Home Amillennialism An Encapsulated Dynamic from Three Millennial Perspectives

An Encapsulated Dynamic from Three Millennial Perspectives

by Alan Kurschner

The Millennial Maze, pp. 139-41 (To be sure, the author of this “comparison” book is Amill and his bias comes out in various places; nevertheless, Grenz does have a keen, nuanced eye when describing the dynamic between millennial positions.)

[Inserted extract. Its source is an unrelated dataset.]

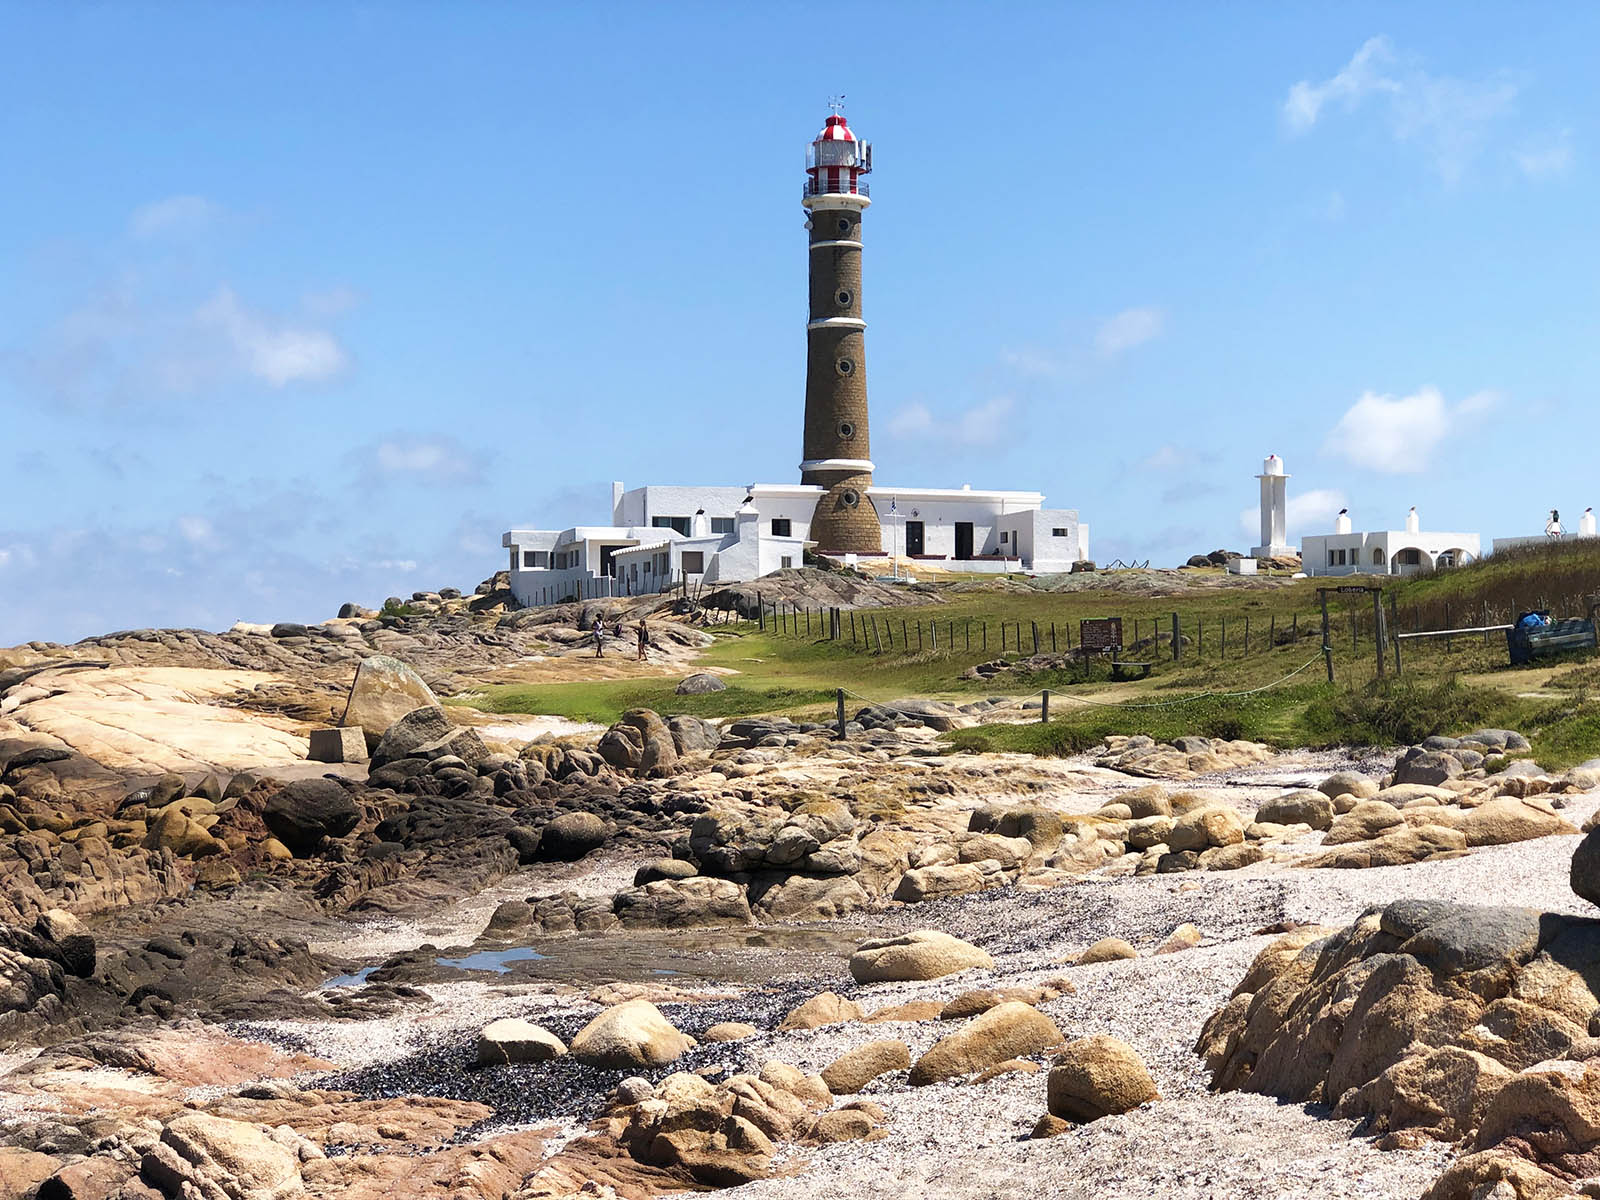 The lighthouse of Cabo Polonio. Credit: Carolina Valenzuela

Historic premillennialists have attempted to carve out a distinctive position between dispensationalism on the one side, and amillennialism on the other. Over against the distinction between Israel and the church posited by the dispensationalism from which many of them came, these thinkers agree with the amillennial emphasis on the church as the spiritual Israel. They employ a “spiritualizing” hermeneutic that transfers to the experience of the church the prophetic expectations of a future glorious age for Israel.
At the same time, historic premillennialists are unwilling to employ universally the spiritualizing hermeneutic. They do not resign Israel to oblivion, but agree with their dispensationalist cousins that there remains yet some future role for Israel in the divine economy, albeit only as the nation turns to Christ and thereby becomes a vehicle of blessing to the world. And they stubbornly cling to the literalist hermeneutic when the meaning of the thousand years of Revelation 20 is in question. Not all prophecy can be spiritualized, they argue, and not every dimension of the future hope for the people of God may be relegated to the eternal state beyond the culmination of history.
Because they are caught in the middle, as it were, contemporary adherents of historic premillennialism find themselves fighting on two fronts. When engaging in discussions with dispensationalists, especially adherents of its classical expression, they direct their polemic against the literalist hermeneutic and the emphasis on Israel that arises out of it. But they defend a literal approach to the Bible and the physical, earthly dimensions of God’s future purposes when confronting amillennialists.
As a result of the double direction characteristic of their apologetic, critics from both the dispensationalist and the amillennialist persuasions charge historical premillennialists with inconsistency. Both assert, for example, that the historic premillennialist hermeneutic is inconsistent, Dispensationalists complain that they are not consistently literal in approaching Scripture. Amillennialists, in contrast, see them as too literalistic. They wonder why historic premillennialists demand a fulfillment within history of the glorious blessings promised to God’s people.
Critics from both persuasions claim that historic premillennialists are likewise inconsistent in their understanding of Israel. Many amillennialists challenge them to consistency in seeing the church as the spiritual Israel. Historical premillennialists readily apply to the church various Old Testament promises originally given to Israel. Such promises find their fulfillment in the blessings the church will enjoy in the millennial era. But amillennialist critics wonder why these “spiritualized” promises require a future age for their “literal” fulfillment. Dispensationalists, in contrast, wonder why historic premillennialists cannot see that their acknowledgment of some distinction between Israel and the church naturally leads to a greater emphasis on the future fulfillment of God’s promises to the nation.
In short, dispensationalists complain that historic premillennialists have set out on the road to amillennialism. Amillennialists, in turn, encourage them to make the complete break with premillennialism demanded by their rejection of dispensationalism.